WHAT TO DO: Only one stretch of the data below is needed: the line with "Titans announce Teddy Bear Toss" through the last line. Output it exactly and drop the pictures.

PROVIDED MATERIAL:
BEGIN

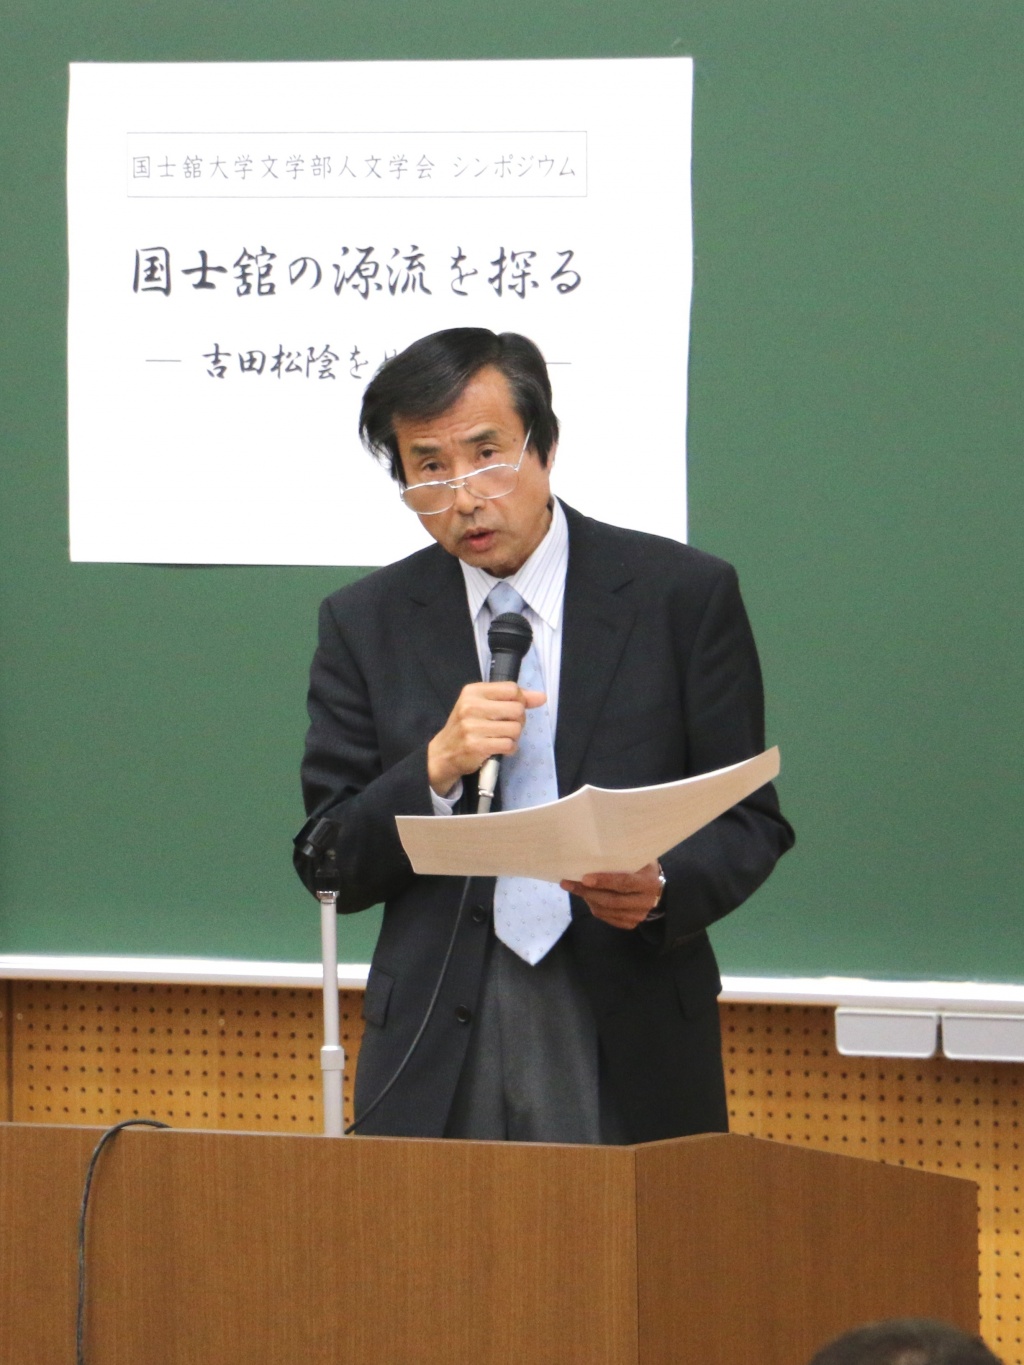 「松陰はどのようにとらえられてきたか」のテーマで近代日本の松陰像を発表した勝田政治教授
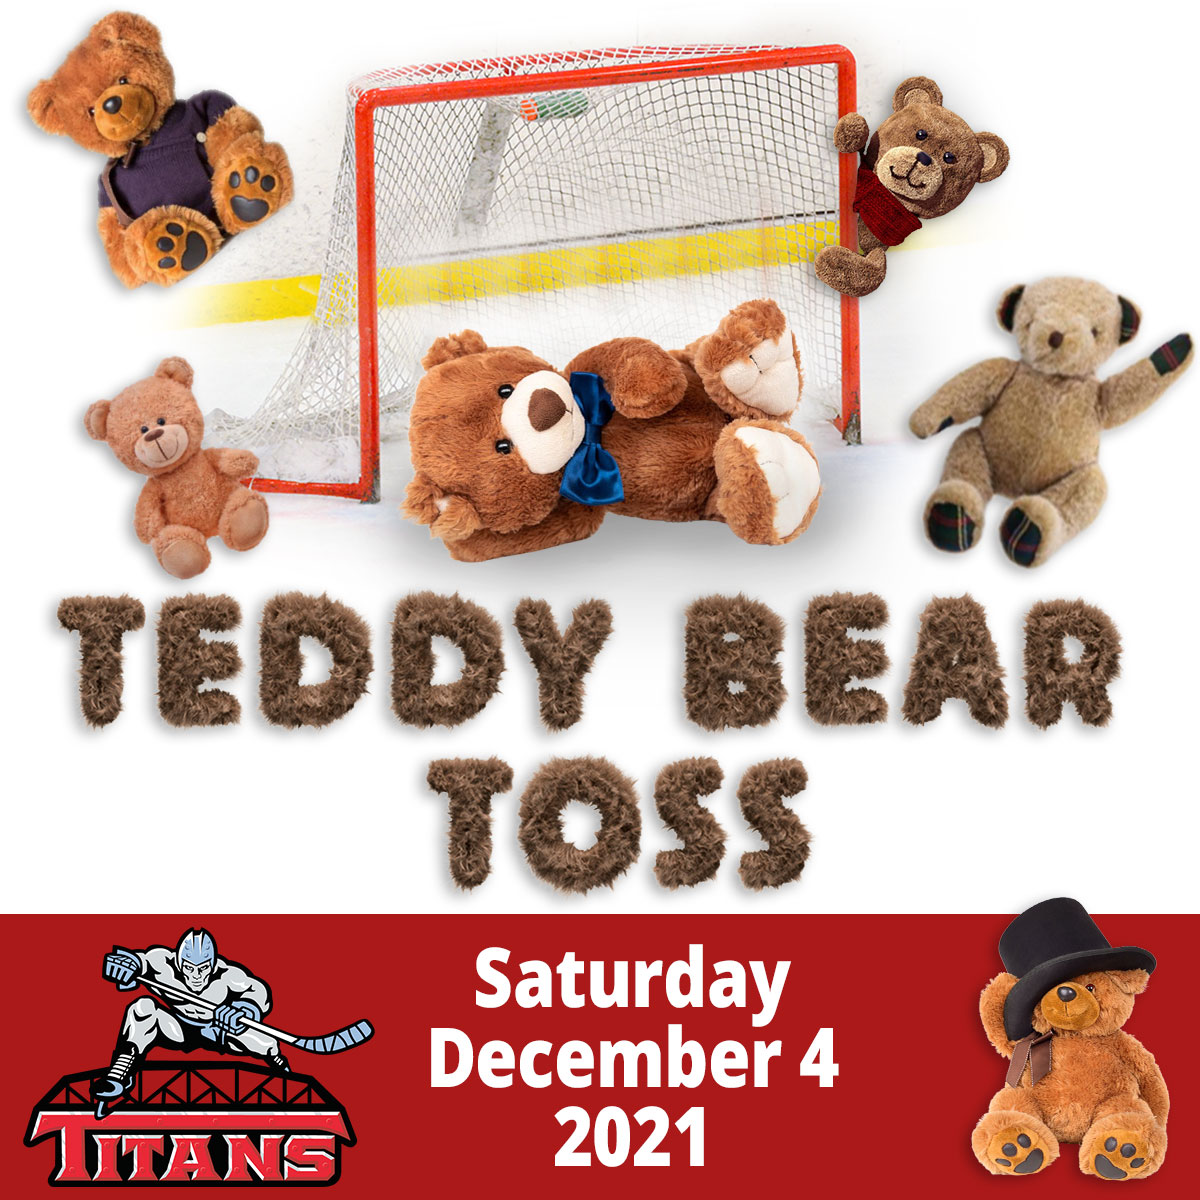 Titans announce Teddy Bear Toss
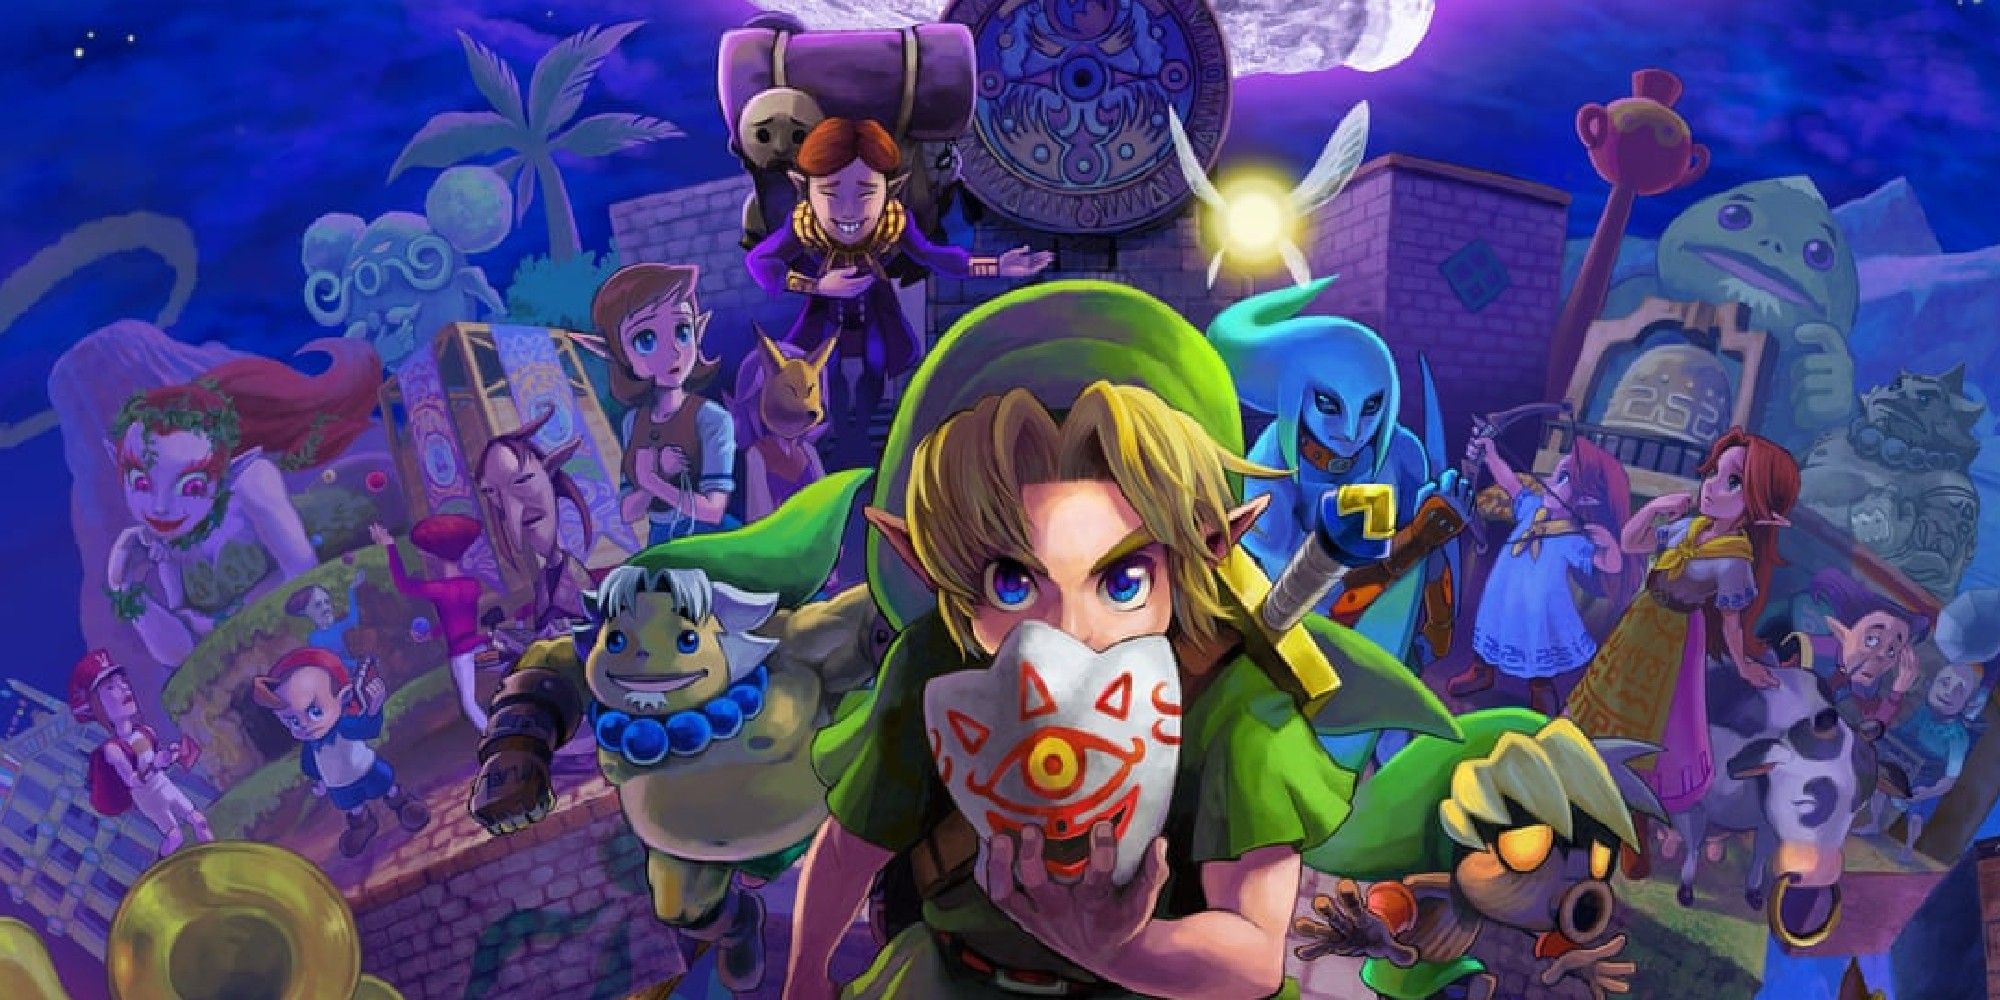 The Legend of Zelda: Majora's Mask - Speedrun
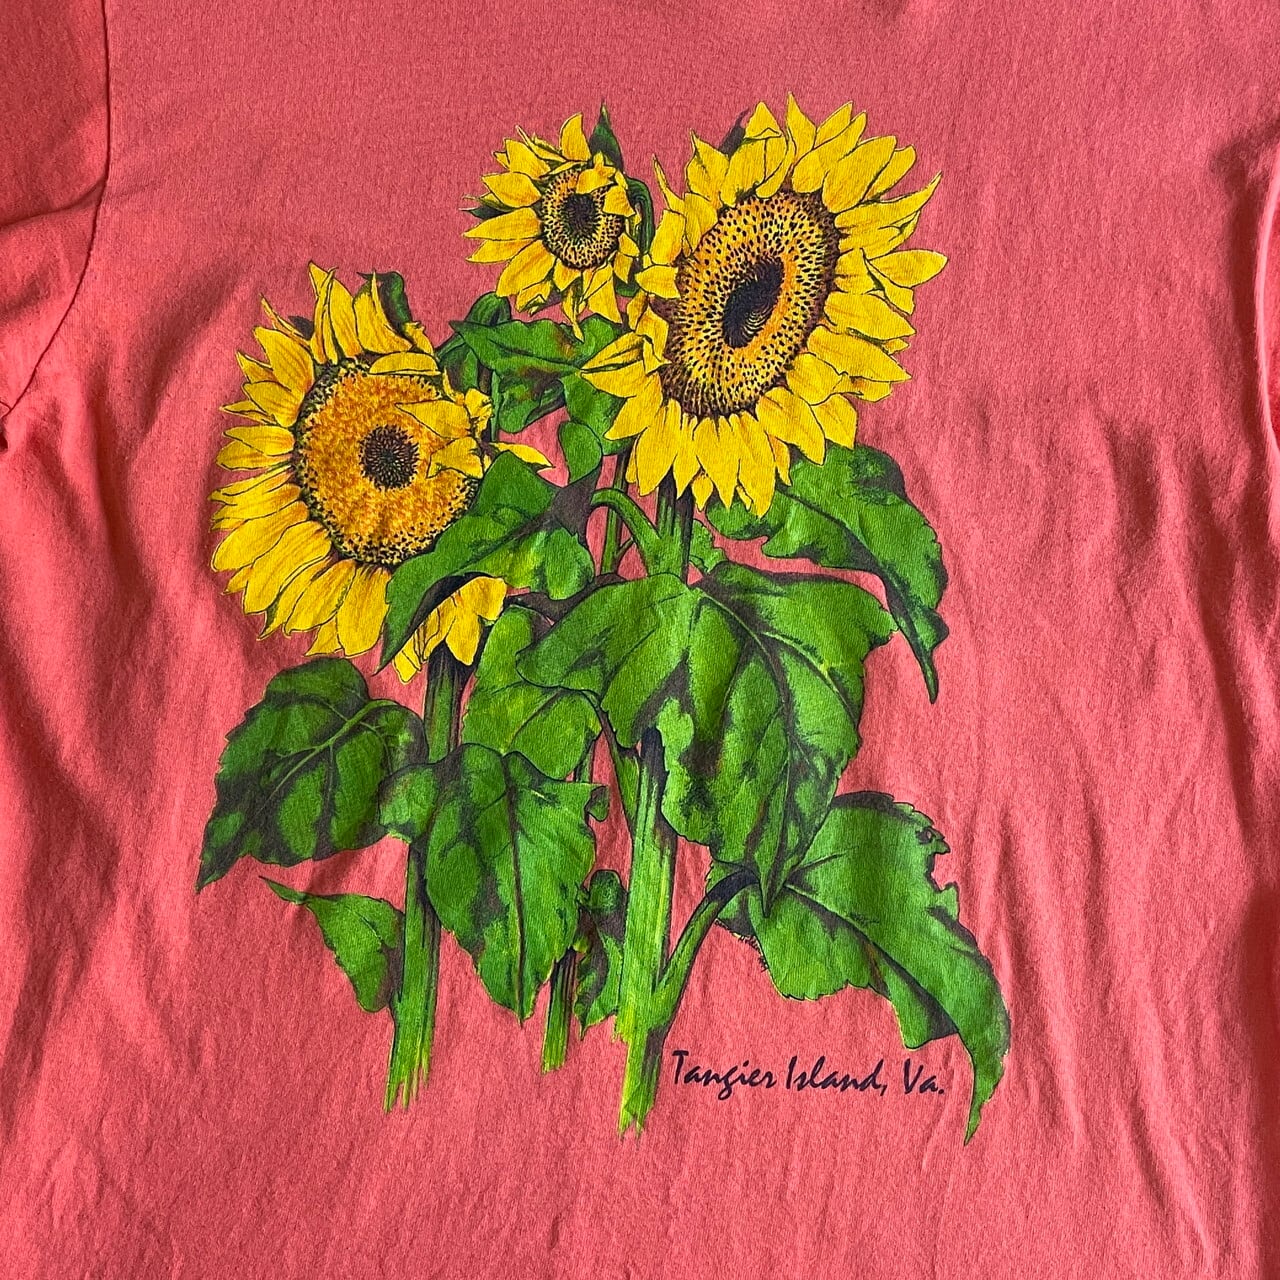 花柄Tシャツ 80s 90s

END

OUTPUT OF THE TASK:
 Titans announce Teddy Bear Toss
 The Legend of Zelda: Majora's Mask - Speedrun
 花柄Tシャツ 80s 90s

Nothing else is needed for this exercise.